Aaron didn’t dare meet her eye for nearly another mile, not until they were entirely beyond view of Mr. Gaines’s fields. Even after he thought he had cleared his head and was in control of himself, speaking was difficult.

“Nora, I know you are upset.”

“Oh Aaron. It is so much more than that. My heart is aching right now. That man is a thief. He might be one ofthethieves. He might have been involved in the fire. How could you leave like that, letting him go free when you’ve promised me we’ll catch them all? I can hardly believe you let him keep the foal. This poor mare! Listen to her cries! How is she to bear being separated from her son like that?”

Aaron’s teeth clenched. He had wondered that very question over the years about his own mother. How had she born it, leaving him like that? Though he was in no state to explain it all to Nora, he knew something of the pain that little foal felt, being abandoned without warning, having no idea why.

His voice came out cold and bitter. “Experience tells me a mother can be parted from her son all too easily.”

“Aaron, how can you say that? You should understand better than anyone since your own mother…” Her voice trailed off, leaving only the clopping of the horses’ hooves.

He needed several minutes before he could look at her again and face the worried sympathy etched in every line of her features.

“Aaron, I… I’m so sorry. I didn’t mean to hurt or offend you.”

He swallowed back the bitterness that melted into a familiar sorrow. “I know you didn’t.”

“I should have realized… Your mother hurt you terribly when she left.”

It wasn’t a question, but he didn’t want to discuss it now.

“Nora, I know how my actions must look to you, but I beg you to trust me.” He breathed in and looked back just to be sure they weren’t being followed. “I didn’t want to leave the foal or walk away.
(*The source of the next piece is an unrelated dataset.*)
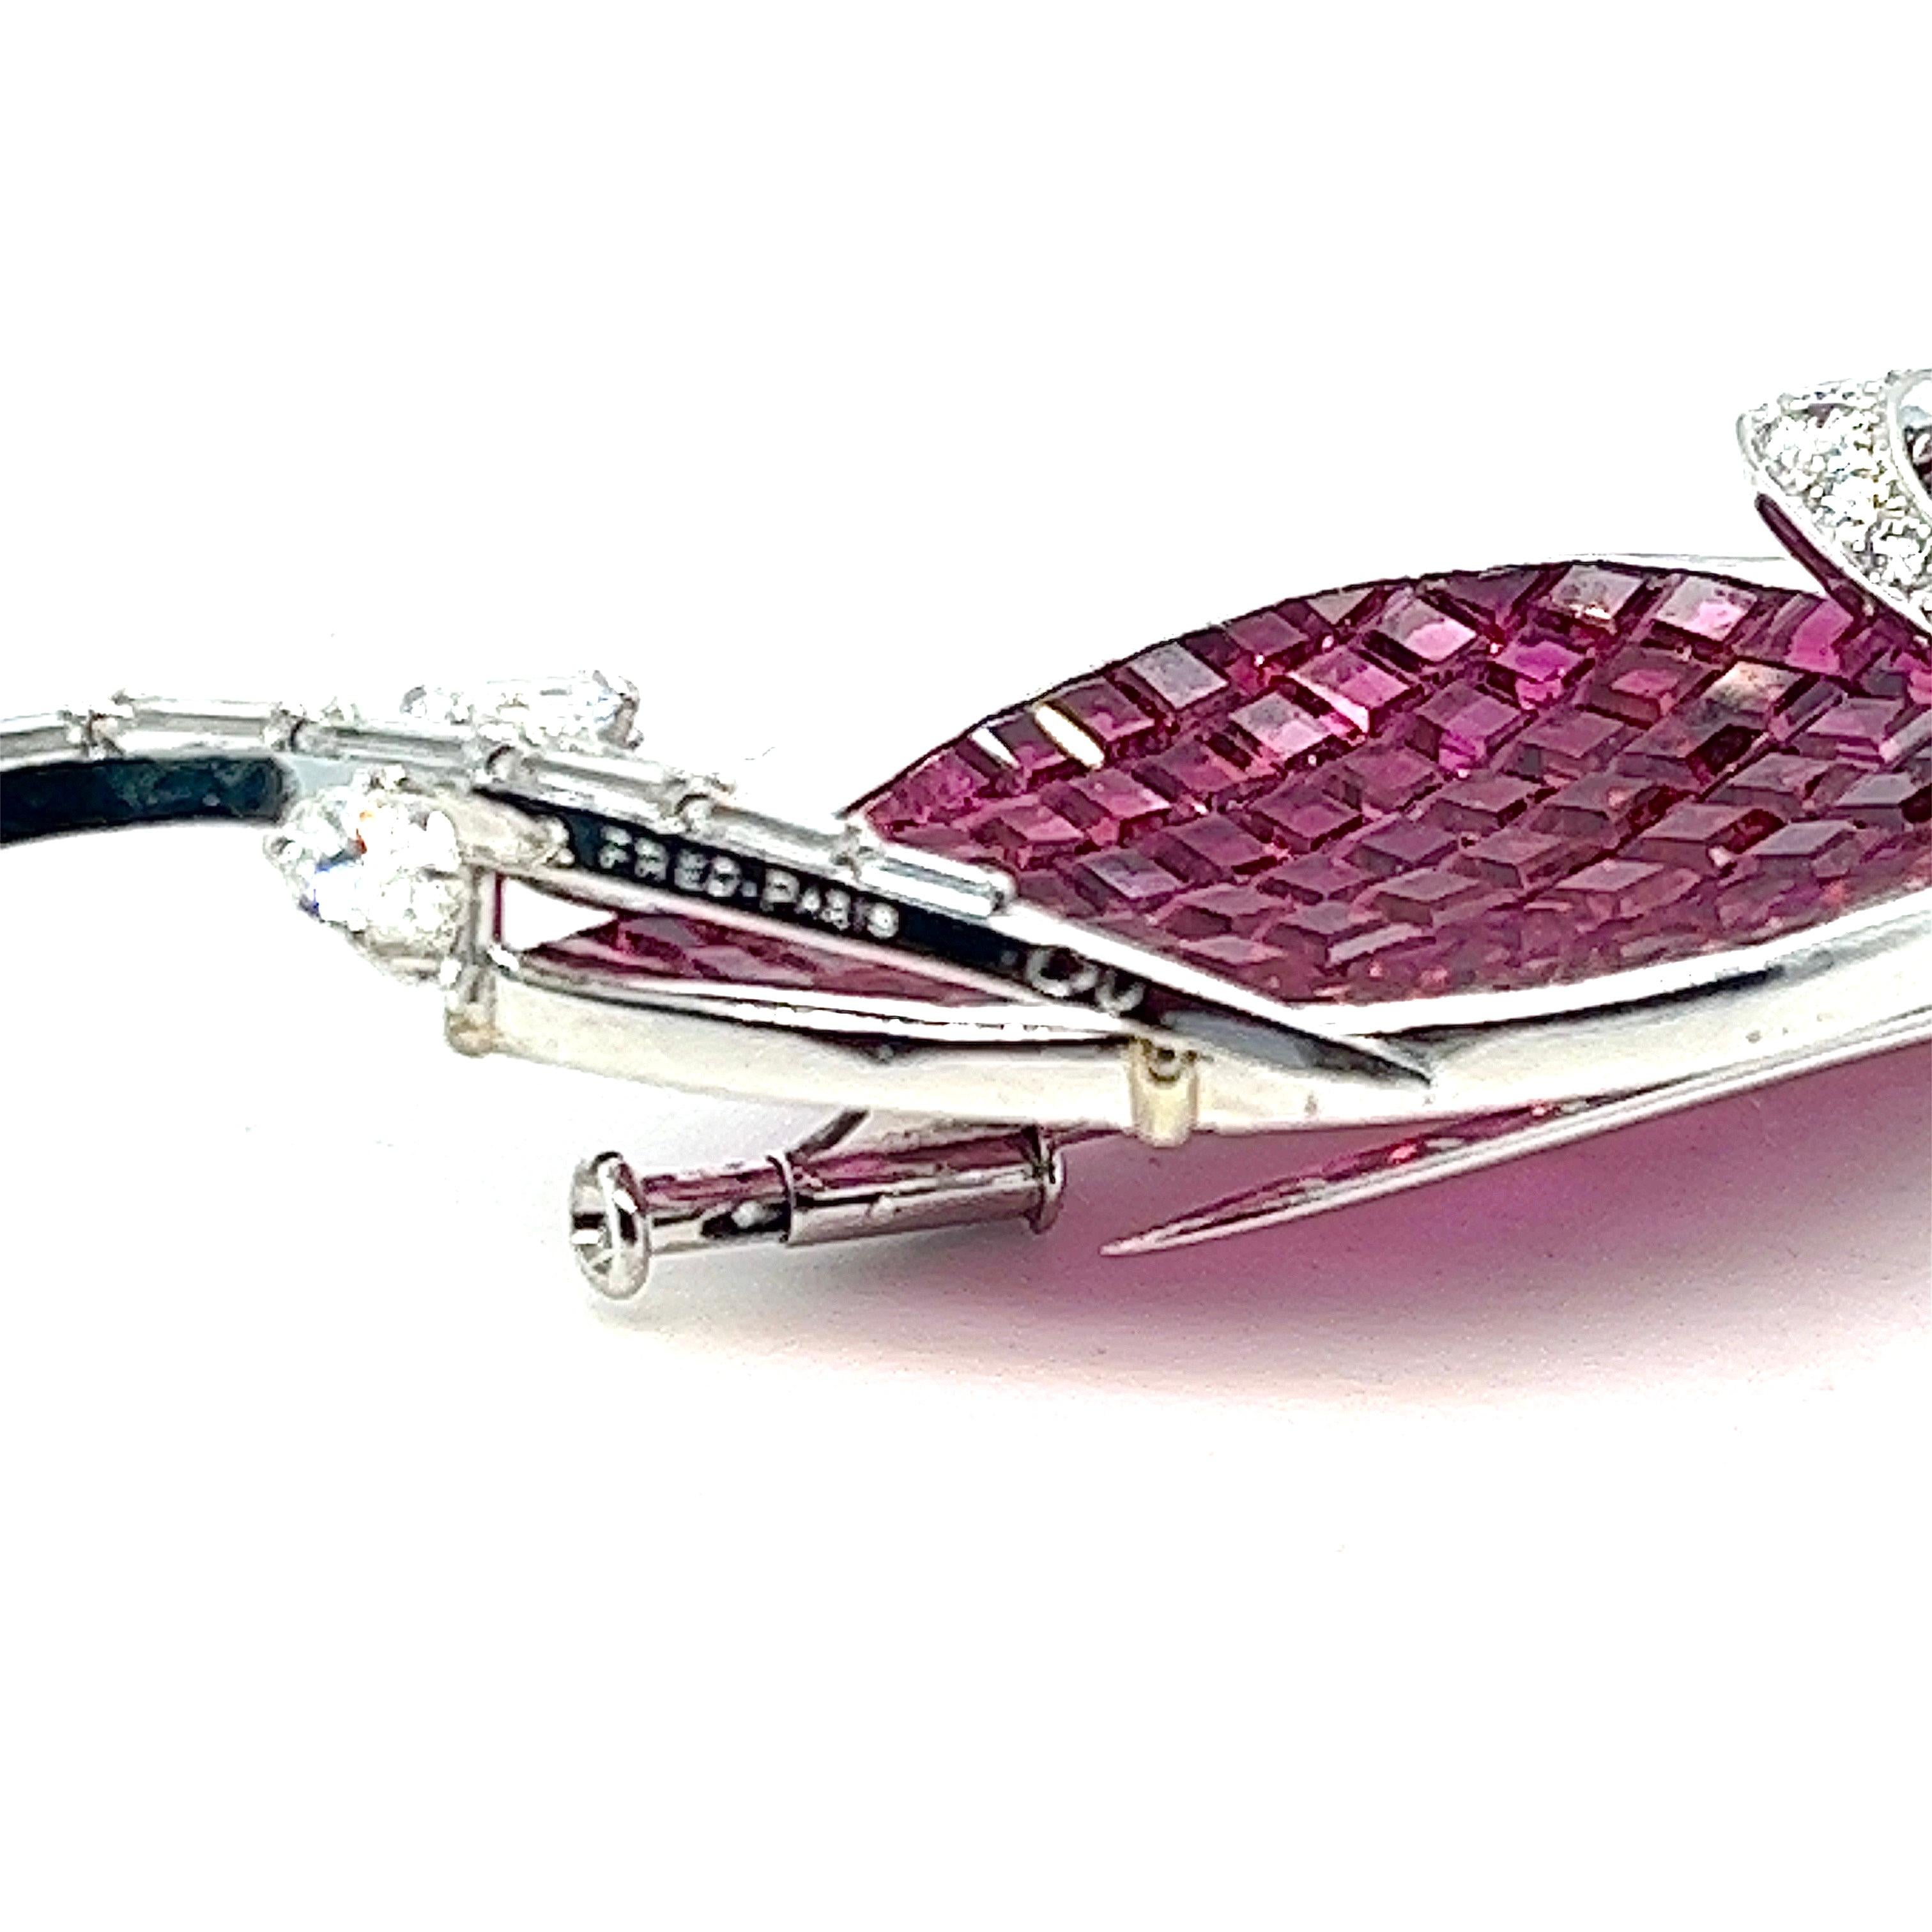 Captivating FRED Paris 18kt White Gold Ruby and Diamond Leaf Pin Brooch

Elevate your jewelry collection to new heights with this exceptional 18kt white gold pin brooch by the esteemed FRED Paris. Stamped with authentic French hallmarks, this

I promise you, I know exactly who that man is.”

“You do?”

“I don’t know how you managed to find him, but he is the same man I followed out of the castle the night I met you, the same man who I chased to the edge of the woods until his friends came out and beat me.”

Nora covered her mouth and looked behind her at the path they had just trodden.

“We aren’t walking away forever, Nora, but I need to think. You and I weren’t prepared to apprehend him today. If you had come to me about this scheme of yours earlier, I could have prepared for this.”